Researchers from Vanderbilt University have found that the circadian clocks that control and influence dozens of basic biological processes have an unexpected "snooze button" that helps cells adapt to changes in their environment.
"This provides organisms with a novel and previously unappreciated mechanism for responding to changes in their environment," said Professor of Biological Sciences Carl Johnson. He and Associate Professor of Biological Sciences Antonis Rokas collaborated on the study.
Like many written languages, the genetic code is filled with synonyms: differently spelled "words" that have the same or very similar meanings.

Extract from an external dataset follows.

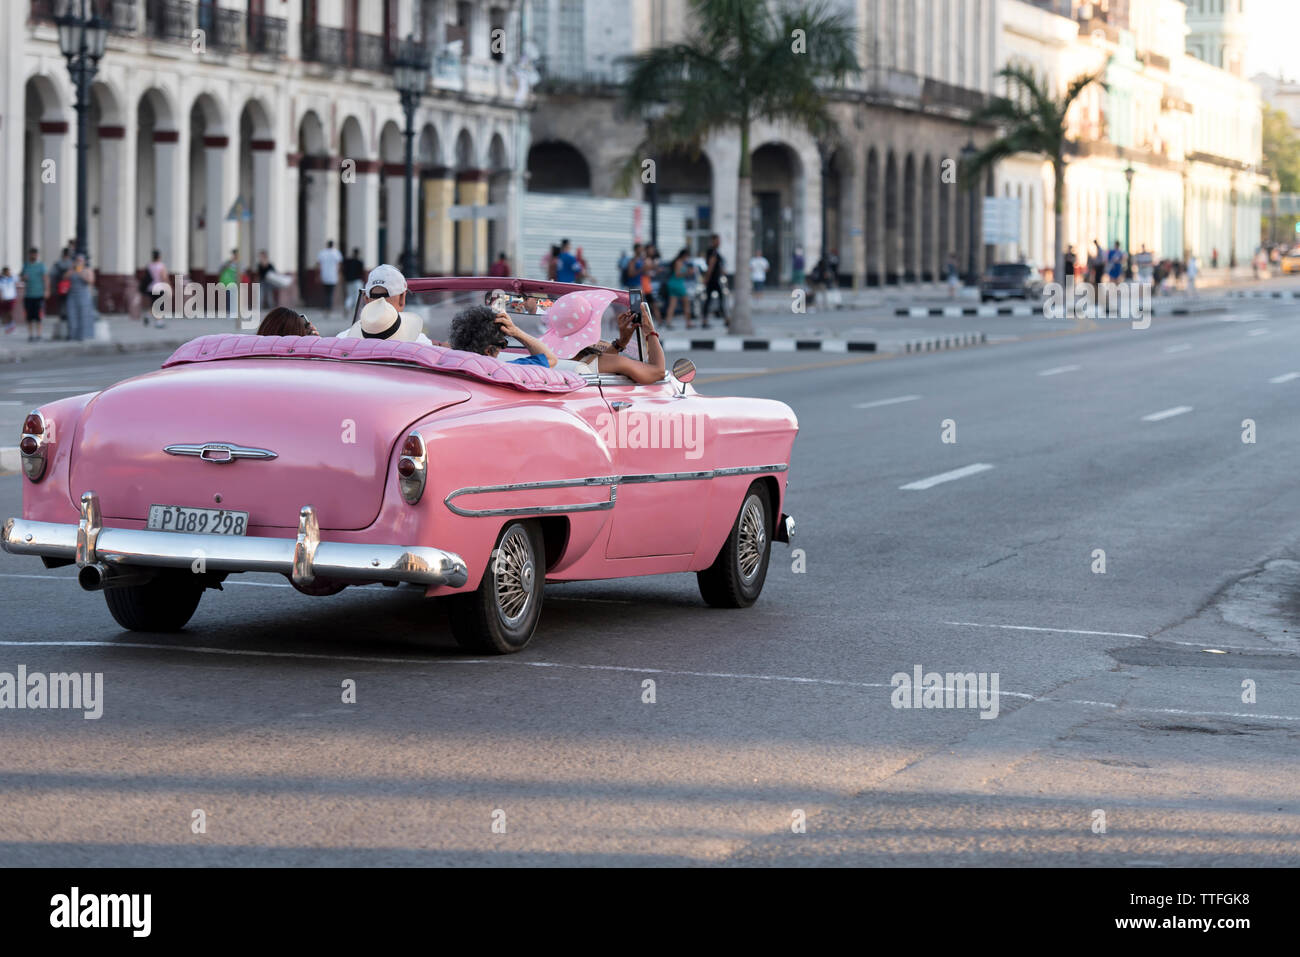 Pink, convertible vintage car driving in the streets of Havana, Cuba. Stock Photo

For a long time, biologists thought that these synonyms, called synonymous codons, were in fact interchangeable. Recently, they have realized that this is not the case and that differences in synonymous codon usage have a significant impact on cellular processes, so scientists have advanced a wide variety of ideas about the role that these variations play.
The basic letters of the genetic code are a quartet of molecules (nucleic acids) designated A, C, G and U. These are combined into 61 triplets called codons, which are similar to words. The codons provide the blueprints that the cell's protein-building machinery uses to generate amino acids, which are the basic building blocks that make all the proteins found in living organisms. However, cells only use 20 amino acids. That means a number of amino acids are produced by several different codons. For example, CCA, CCG and CCC are synonymous codons because they all encode for the same amino acid, proline.
It turns out that there is a reason for this redundancy. Some codons are faster and easier for cells to process and assemble into proteins than others. Recognition of this difference led to the concept of optimal codons and the hypothesis that natural selection should drive organisms – particularly fast growing ones – to use genes that use optimal codons to make critical proteins that need to be highly abundant or synthesized rapidly in cells.
The study published online Feb. 17 by the journal Nature, involved Research Associate Professor Yao Xu, optimizing the codons in the biological clock of cyanobacteria or algae. This did not shut the clock down in the algae, but it did have a more subtle, but potentially as profound effect: It significantly reduced cell survival at certain temperatures.
"Xu figured that the biological clock with optimized codons might work better at lower temperatures and it did," Johnson said. However the substitution also modified the biological clock so it ran with a longer, 30-hour period. When forced to operate in a 24-hour daily light/dark cycles, the bacteria with the optimized clock grew significantly slower than "wild-type" cells. "In cyanobacteria, it's as if writing speed changes the meaning," said Rokas.
The study provides compelling new evidence that at least some species can alter the way that their biological clocks function by using different "synonyms" that exist in the genetic code.